[Provided information]
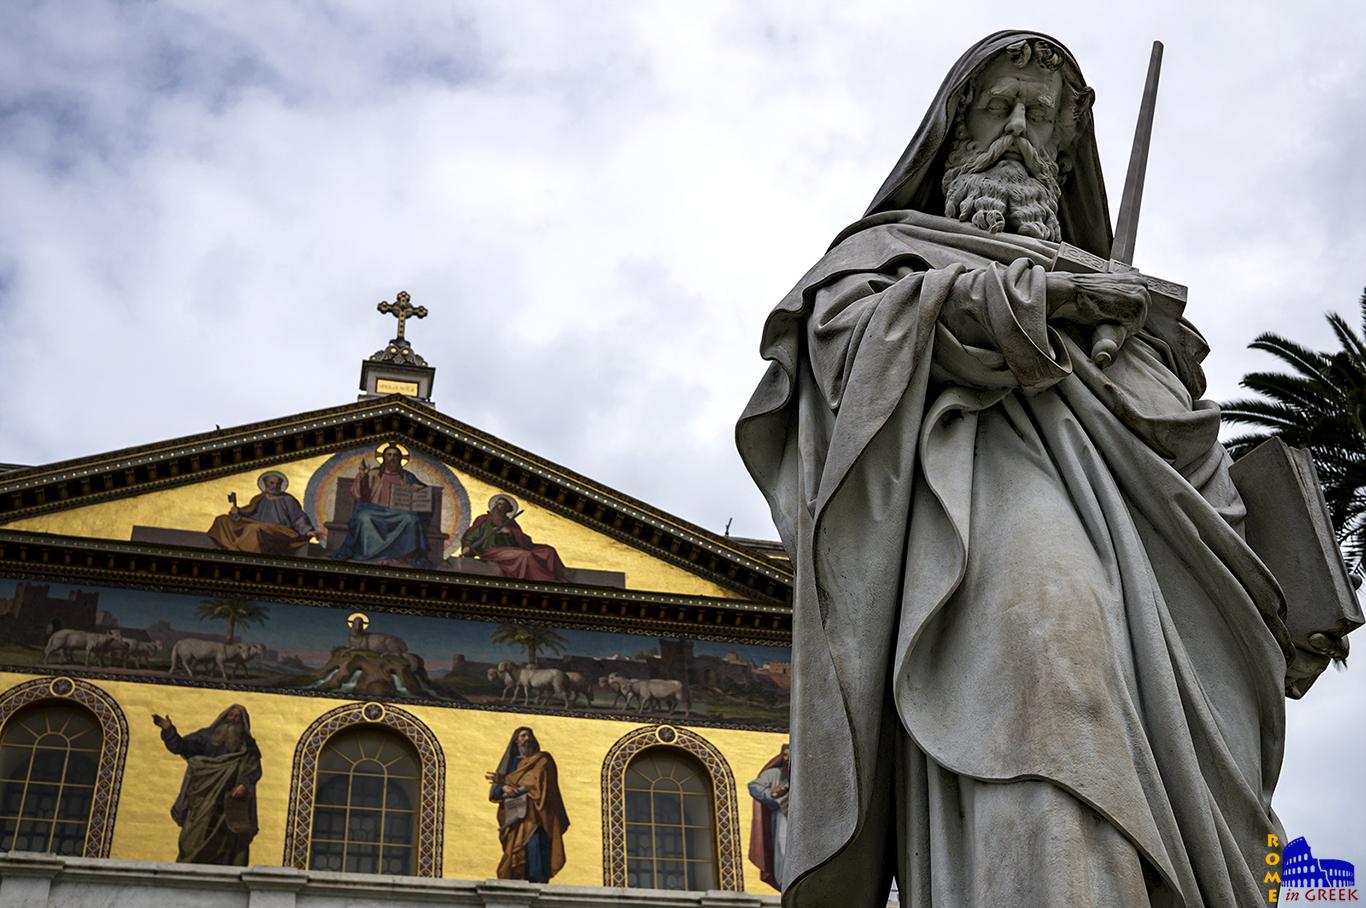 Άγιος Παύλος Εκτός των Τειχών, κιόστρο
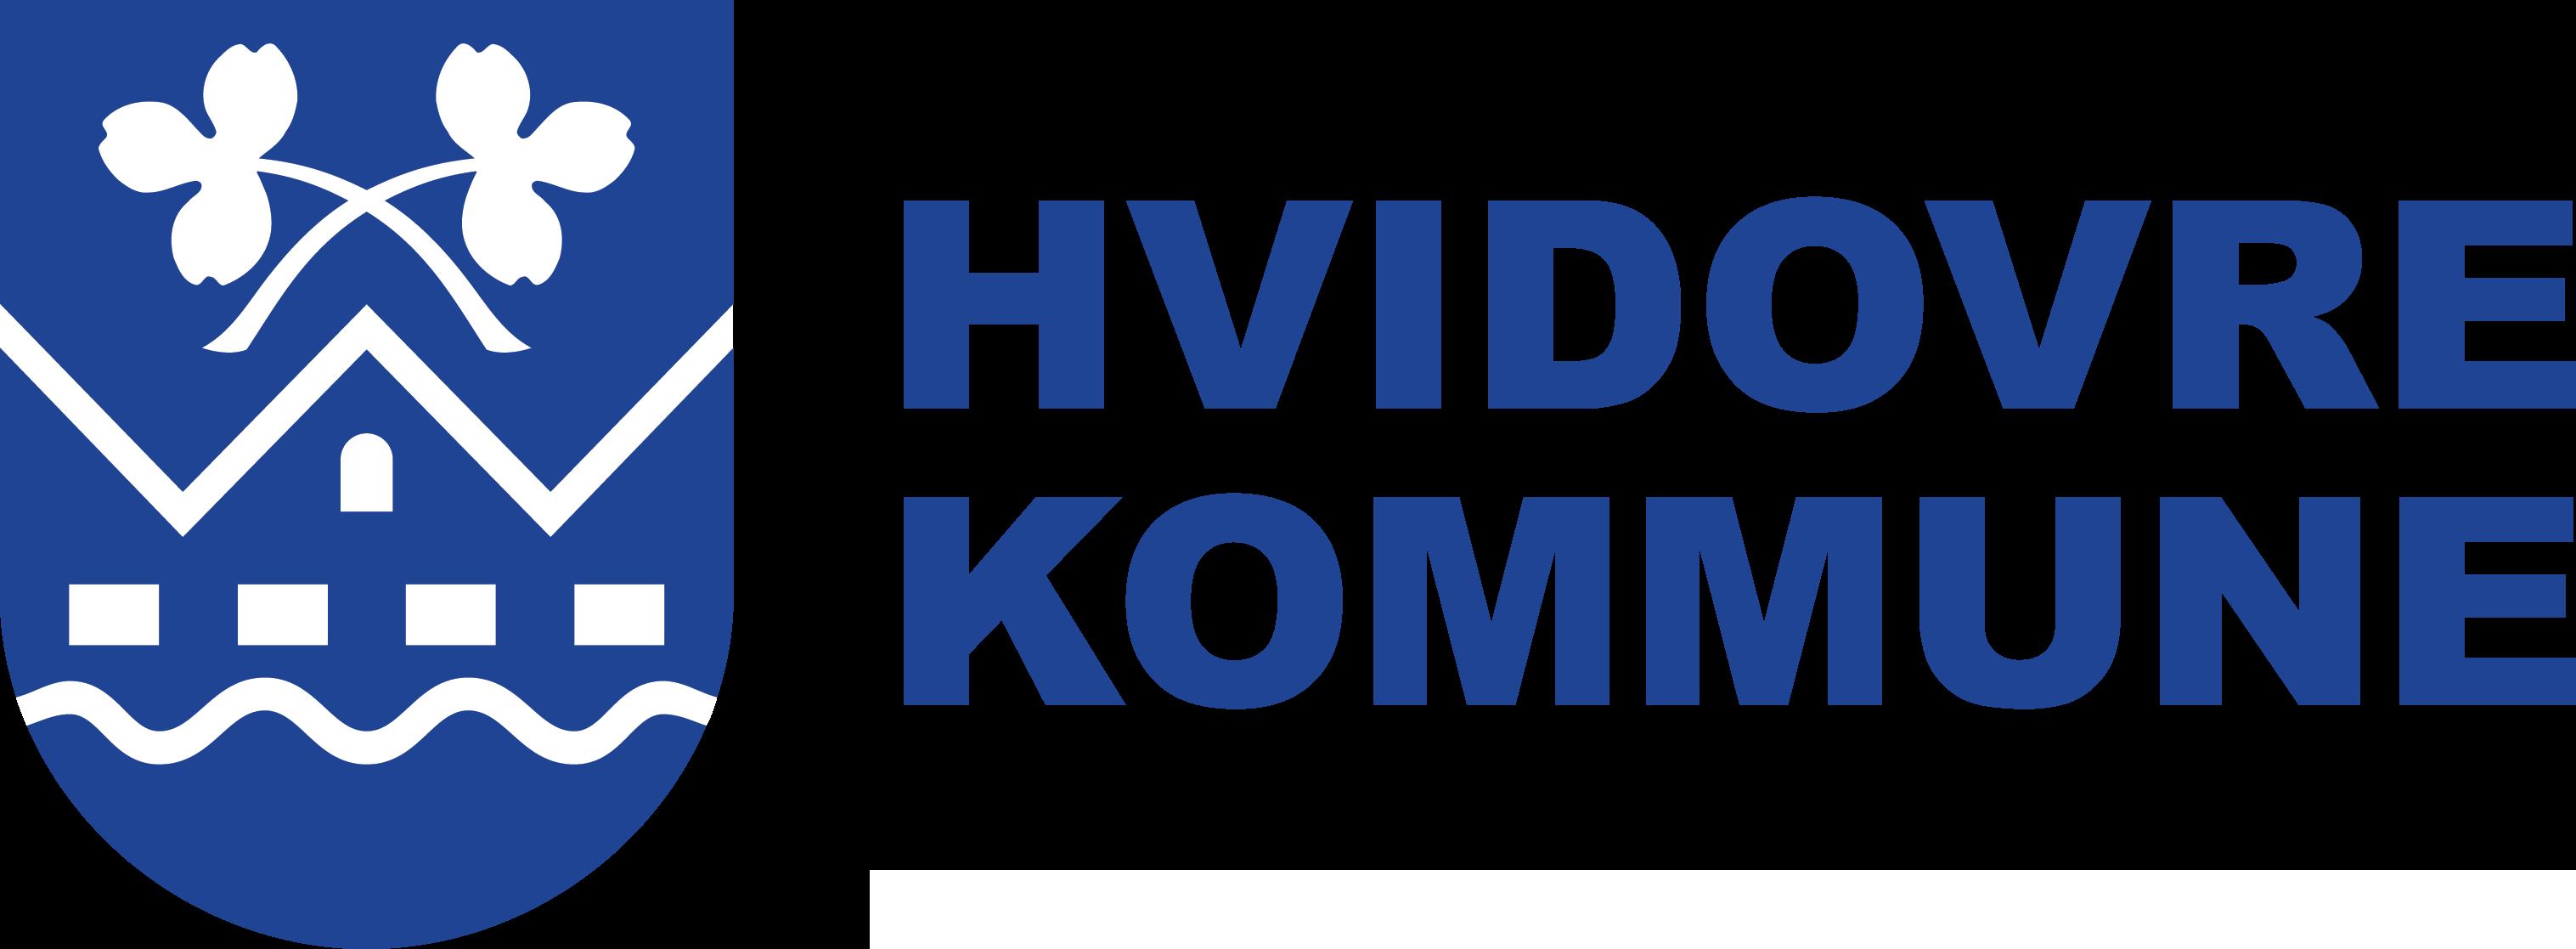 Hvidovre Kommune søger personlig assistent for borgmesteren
* * *
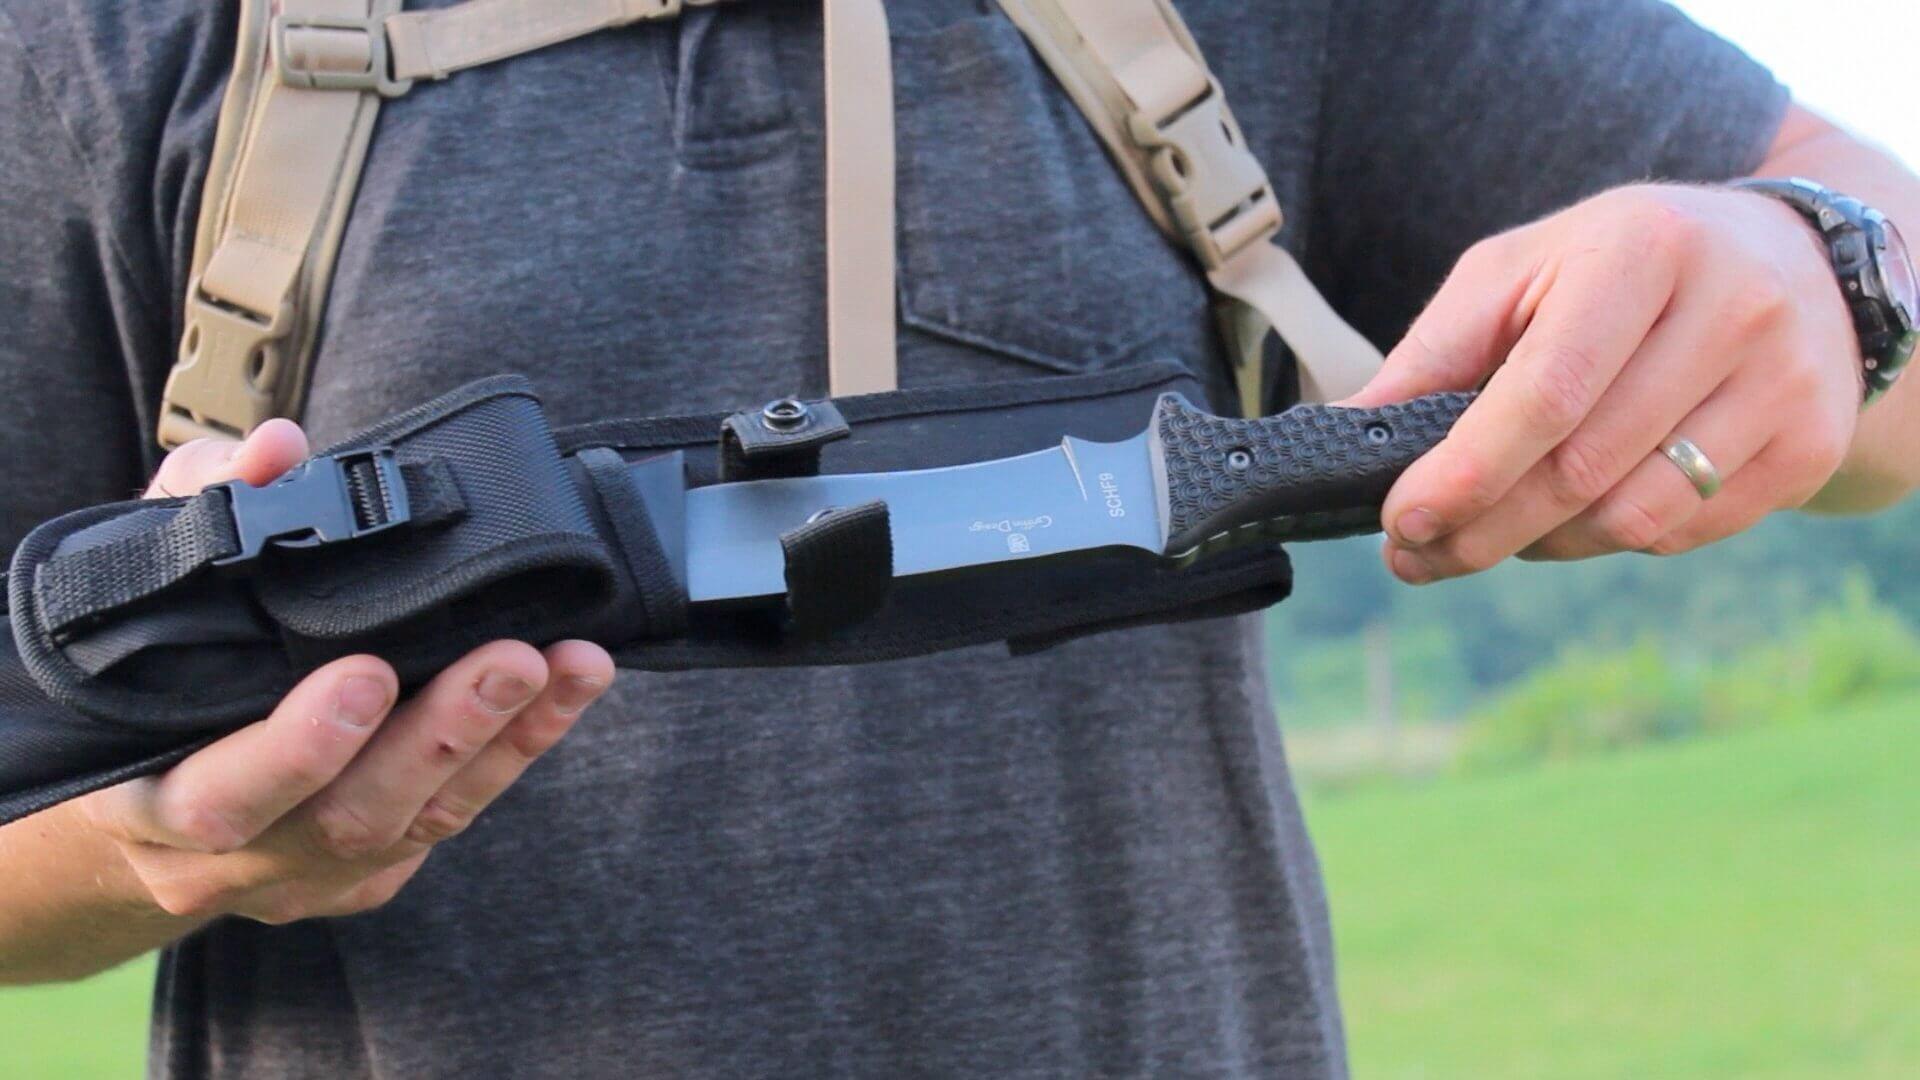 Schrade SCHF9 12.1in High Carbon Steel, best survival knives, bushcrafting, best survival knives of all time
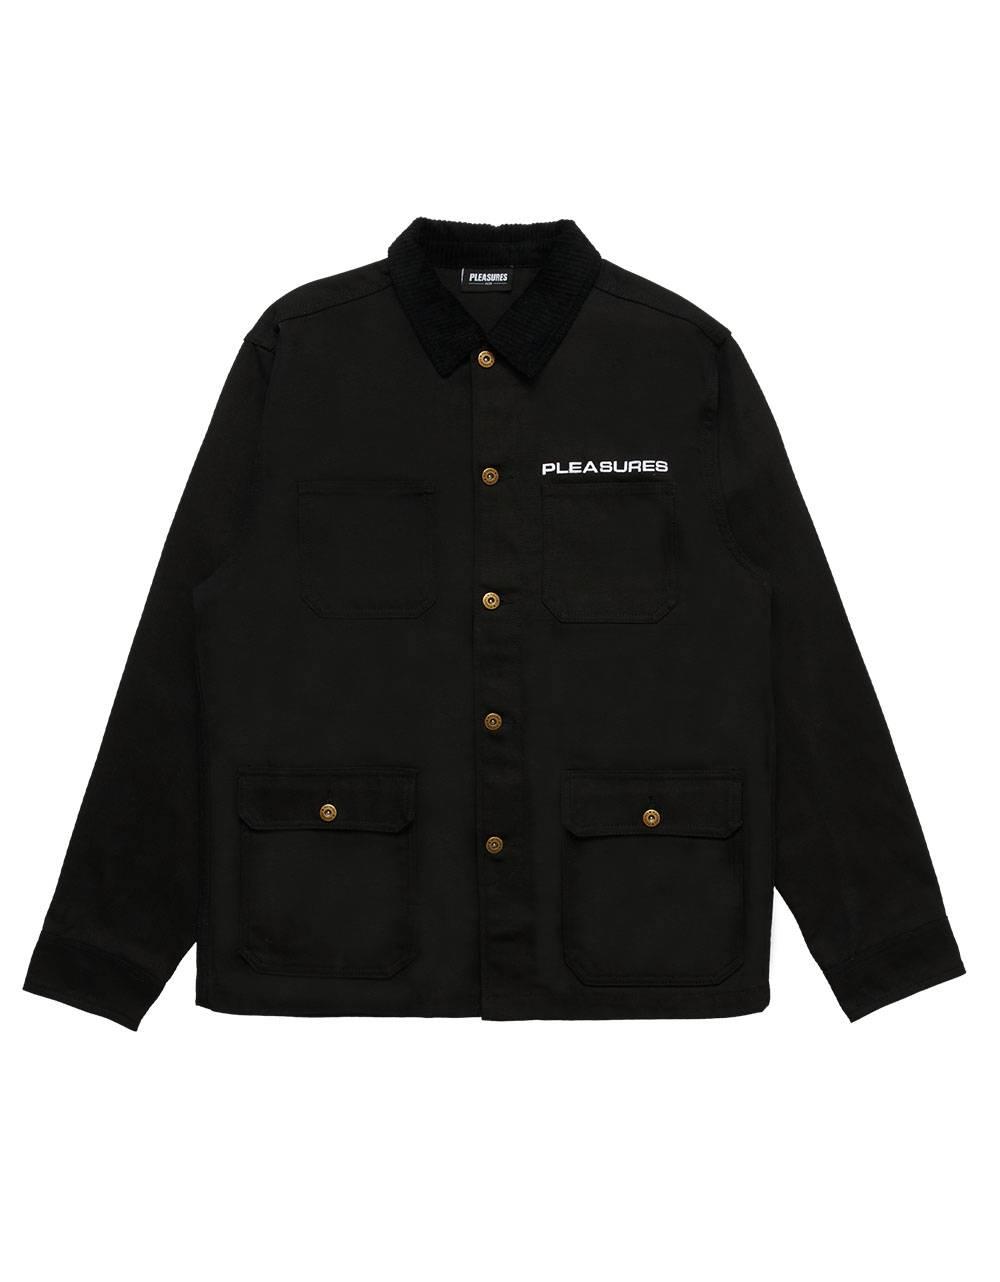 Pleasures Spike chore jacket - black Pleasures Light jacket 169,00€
==
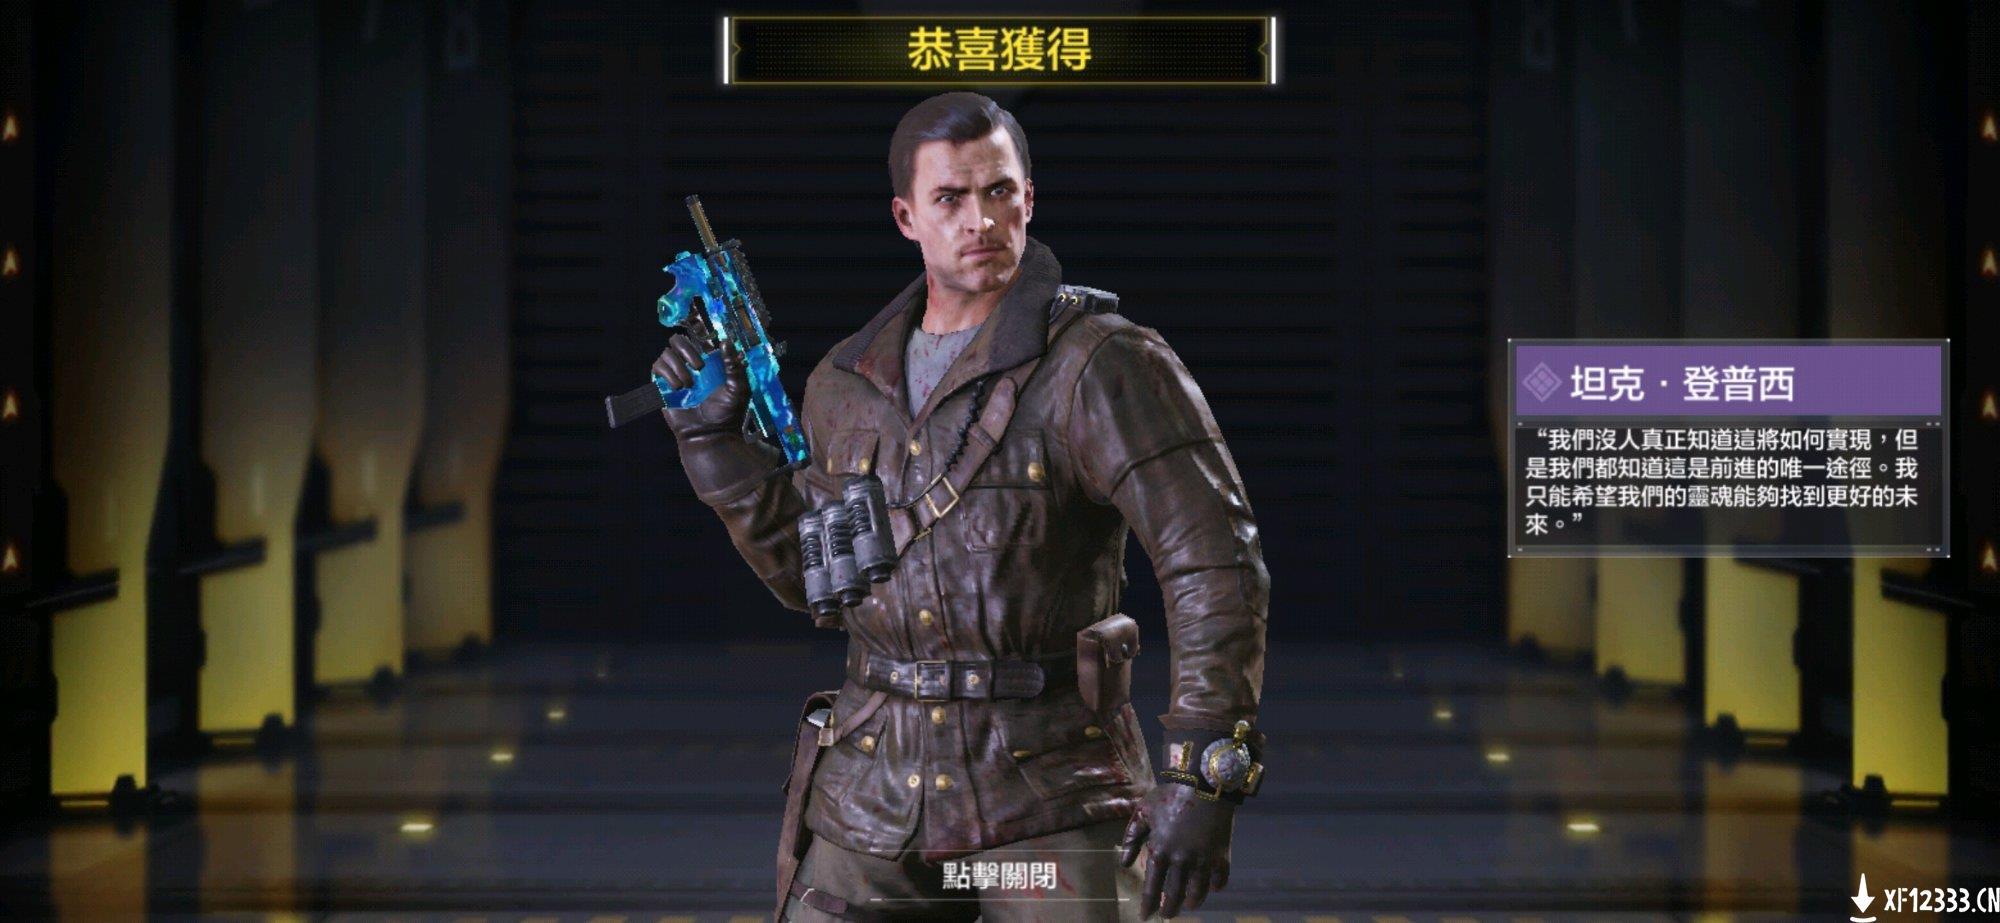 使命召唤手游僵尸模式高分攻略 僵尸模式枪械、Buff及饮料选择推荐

[Assigned task]
From the records above, quote word for word only the lines beginning at the line that has "Schrade SCHF9 12.1in" and stopping after the line that has "Pleasures Spike chore". Omit the pictures.

[Your solution]
 Schrade SCHF9 12.1in High Carbon Steel, best survival knives, bushcrafting, best survival knives of all time
 Pleasures Spike chore jacket - black Pleasures Light jacket 169,00€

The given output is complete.